По мере приближения края земли, то есть больничного городка, в душе его трескучей радиопомехой нарастал нелепый ужас, совершенно не дававший слышать, какую мучительную флейту передает откуда-то с небес его настоящее «я»: Антонову взбрело, что у него не хватит денег заплатить водителю, и он незаметно стриг большим и указательным в натянутых складках кармана, цепляя и теряя какой-то жесткий бумажный уголок. Наконец приехали. Антонов, полулежа боком, вытащил деньги: к счастью, в кармане обнаружились еще четыре десятки, и водитель, криво ухмыляясь, удовольствовался тремя. Антонов перевалился с левого бока на правый, осторожно вылез на сухой и пряный солнцепек.

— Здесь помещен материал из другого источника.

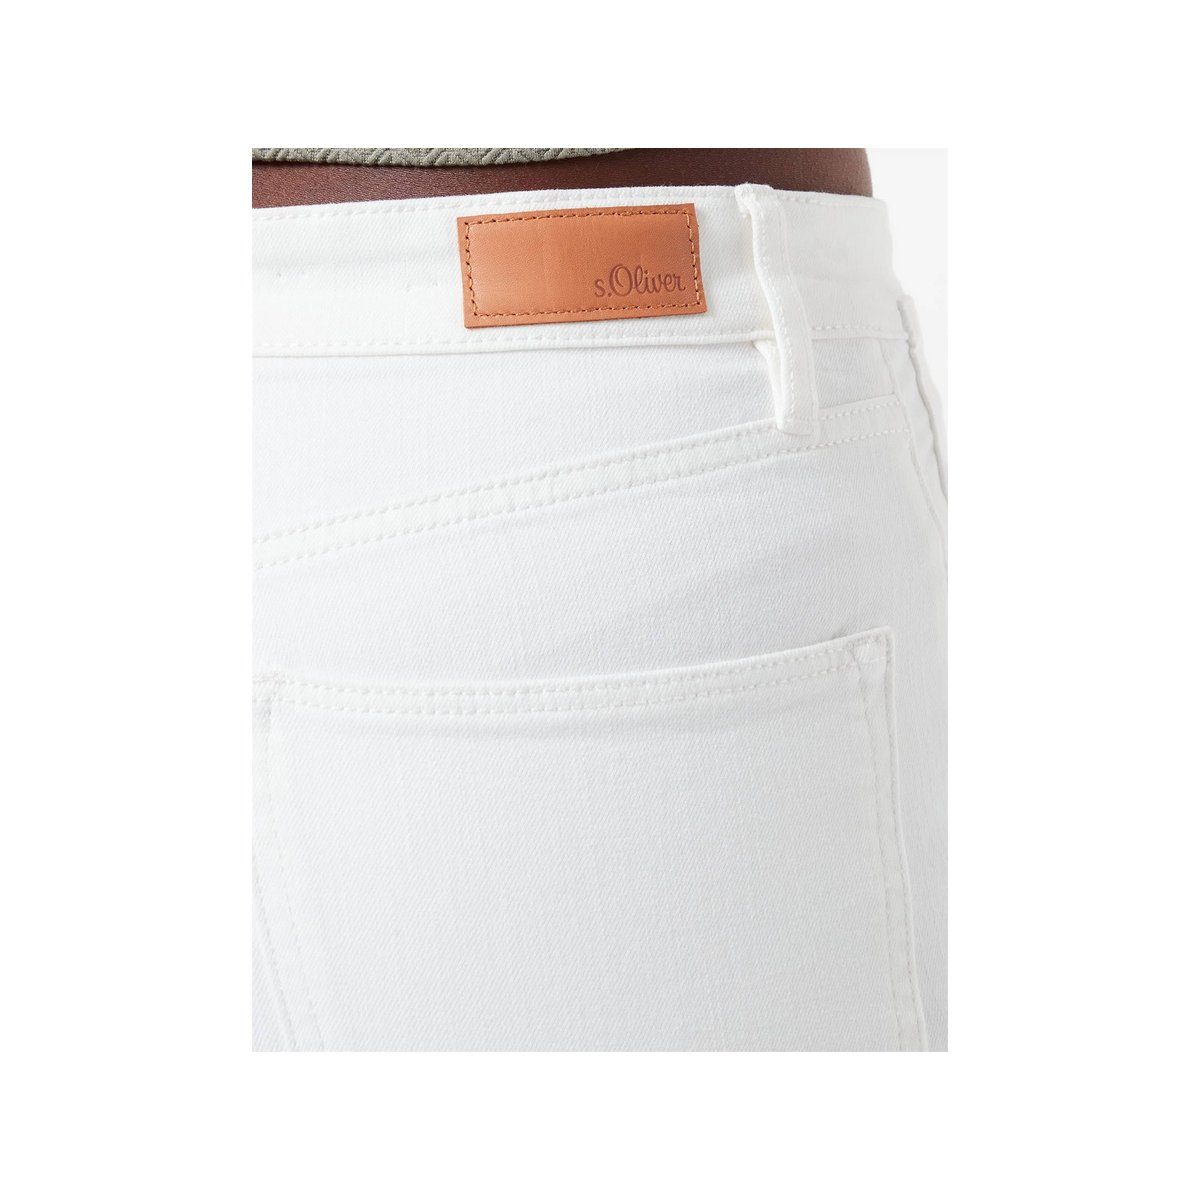 (1-tlg) 5-Pocket-Jeans s.Oliver uni

Кузнечик скоблил в траве, словно затачивал о камень очень острый маленький нож, свеженасыпанные кучи гравия вдоль больничной ограды походили на каменные муравейники. Но водитель, вместо того чтобы хорошенько захлопнуть дверцу за странным пассажиром, явно приехавшим к своему несчастью, снова ее распахнул: держа в руке злополучный роман, он мельком бросил строгий взгляд на заголовок и протянул Антонову непринятого подкидыша, на что Антонов вынужден был пробормотать виноватую благодарность.

***

Летo изменило больничное болото, как могли бы его изменить многие годы запустения и зарастания жестким дремучим быльем. В травах на болоте не было порядка; они на корню превратились в мусор. Откуда-то едко тянуло тлеющим торфом, в мутно-сизых пеленах болотной гари чадно лиловели фантастические иван-чайные заросли, а дальше из развалистых кочек тесно торчали вкривь и вкось горелые черные палки, из-за которых как-то сразу ощущалось, какое это болото мягкое, утробное, набитое, будто коровий желудок, полупереваренной травой. Родное окошко на шестом этаже психотерапевтического корпуса было белее соседних: там на подоконнике стояло что-то – не то коробка, не то неразличимое с земли таинственное объявление. Перед тем как войти в хирургию, расположенную как раз напротив психушки, за мокрой горячей помойкой, пропитавшей гнусным духом рощу смуглых мелколиственных берез, Антонов кое-как очистил штанину от мелких, будто блохи, впившихся колючек: когда он наклонился, перед глазами его, как на экране неисправного телевизора, прошла мерцающая полоса.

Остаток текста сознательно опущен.